What does your best single model score in the leaderboard?

Which are the most useful information or rules in the dataset?

My approach is based on Factorization Machines with MCMC inference. I didn't really use ensembles, but tried to develop a single stand-alone model. Besides the obvious features of user and item id, user attributes helped a lot (especially keywords and followers from the social graph). The third kind of features that were very important for my approach are sequential features, e.g. duration of a session, session index, etc.

A single FM model (no ensemble) with the above mentioned features scored 0.42833 (public score) / 0.41582 (private score). My final score uses an ensemble of two variants of this model. Due to MCMC inference, I didn't had to search for regularization parameters or learning rates. The model mentioned above was computed in about a day -- I used an improved MCMC algorithm for speeding up the Gibbs sampler of libFM 1.3.
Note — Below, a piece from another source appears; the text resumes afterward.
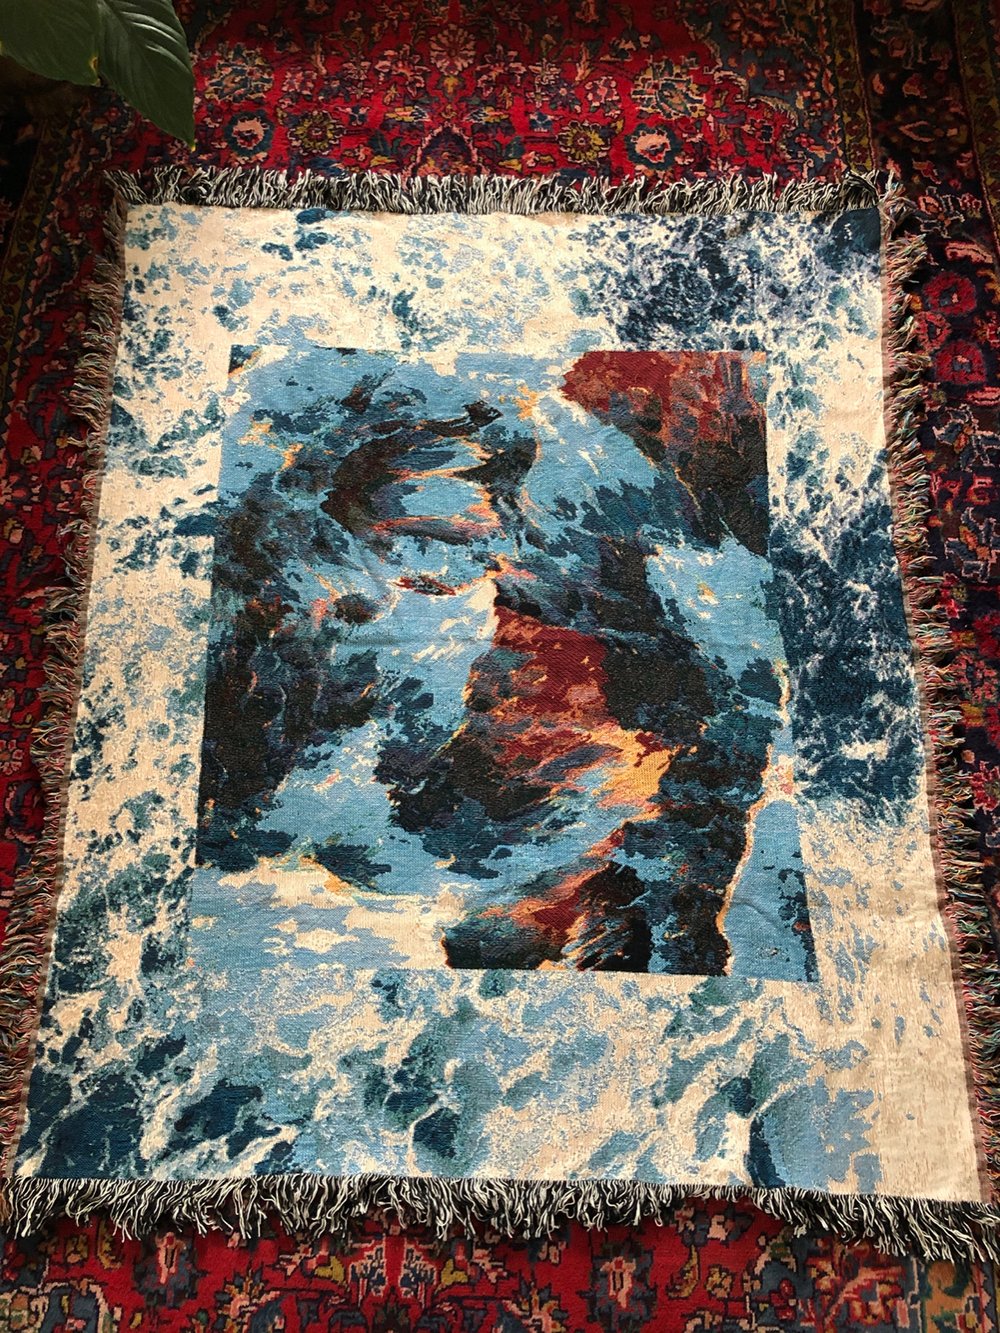 Woven Blanket #28

It's quite interesting that ensemble methods do not work in our experiments as well, indicating something special about this dataset.

the results are awesome!

1) Can you tell us how the factor model is trained? How many epochs?

2) Do you just use stochastic gradient descent on the raw target values?

3) Do you minimize the MSE during training?

We use SGD for our factorization model, an expotentially decayed learning rate is used. We use a validation set to get the best round, and seems it works consistent on test set.

Directly optimize pairwise rank will be a better choice than MSE optimization. We also tried to directly optimize MAP using LambdaRank .

Factorization models are powerful, but are not perfect, so we do not use a purely factorization model approach.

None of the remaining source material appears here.